# Getting Paid ?



## 160SR (Oct 1, 2014)

In my area I see the same reputable snow removal contractor doing the same lot year after year. ( 10+ years ) I know the lot is managed by one of the pm companies usually advised to stay away from on Plowsite. I am guessing he is either getting paid or hoping that this will be the year he gets paid, or he needs a 100K loss on his taxes.
I would like to hear from anybody who has actually gotten paid by a pm company. I don't think pm companies have an exclusive on screwing people. I have accounts receivables from friends, neighbors, people I subbed out to, etc. None of them I have any hope of collecting from. Driveways around here are done by guys with no ins. and don't pay taxes.
So I can't compete without losing my ass so whats the difference. These guys do not have the manpower or equipment to do commercial. I do. Yes I have the ins. I can lay-off 3 guys with families for the winter also. I have the means to suffer a slow payer as long as I get paid at some point. Yeah I'll ***** about it, but it will be just one more thing. Is there anybody on this forum who has actually been paid by a pm company?


----------



## Dirtslinger35 (Sep 10, 2016)

I was just getting on to post about the same thing basically. I just got an rfp from rsm maintenance out of nj for a 400000 sq lot and im wondering if its even worth it .


----------



## FredG (Oct 15, 2012)

It's really not a issue of being able survive while waiting 120 + plus days for payment. This is bad biz behavior and should not be tolerated. I don't like financing anybody's jobs while they collect interest on the moneys.


----------



## Mark Oomkes (Dec 10, 2000)

I worked for 2, one for 1 year and another for 2 or 3 years. The same property, which I've been doing since '97. The only reason I bothered is because the property manager from the company that owns it is great to deal with and I know they paid the NSP on time. And for the most part, I was always paid on time.....30 days. The only part I didn't like with the first NSP was they paid at the end of the month instead of the beginning, which was BS, because I know the property owner was billed at the beginning and paid net 30. So they were sitting on MY money for a good 30 days. 

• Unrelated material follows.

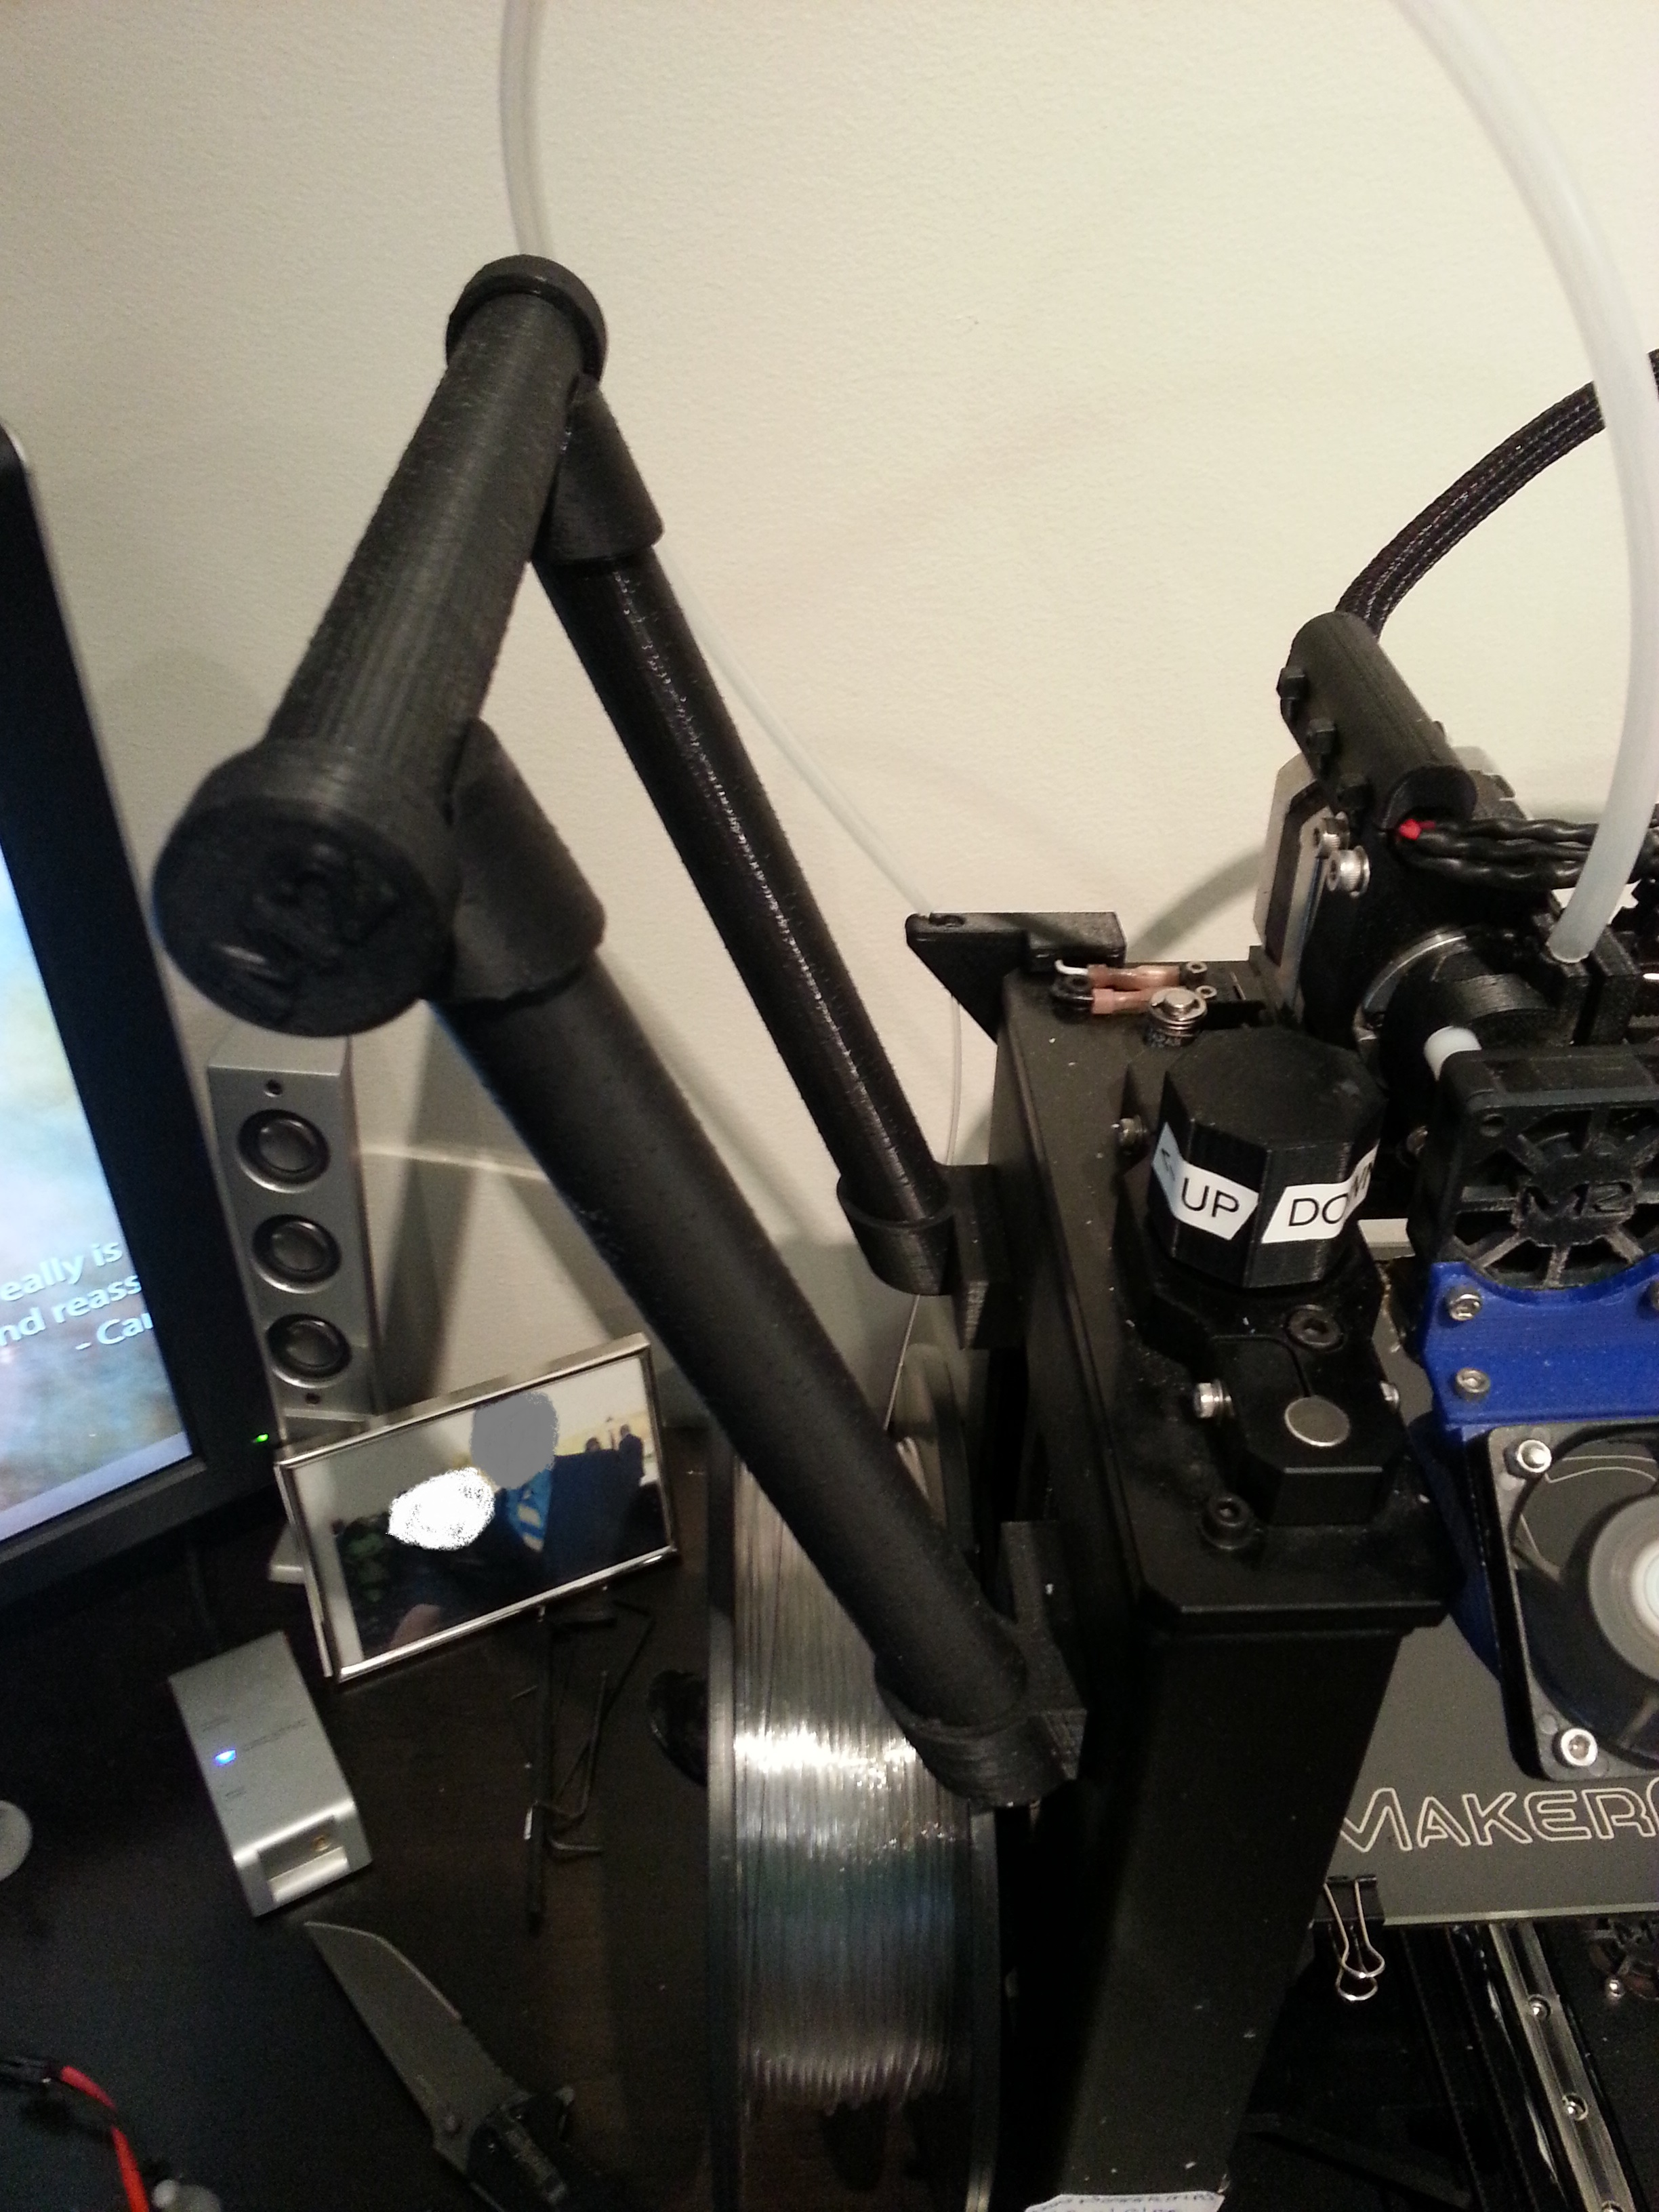 MakerGear M2 Printer Spool Holder   MakerGear M2 - 0.2mm layers - Black PLA

The property owner has fired the NSP this year. The property manager hated them, and I'm guessing many others did. All he wanted to do was make a phone call to me and solve the problem, which are very, very few.


----------



## Mark Oomkes (Dec 10, 2000)

FredG said:


> It's really not a issue of being able survive while waiting 120 + plus days for payment. This is bad biz behavior and should not be tolerated. I don't like financing anybody's jobs while they collect interest on the moneys.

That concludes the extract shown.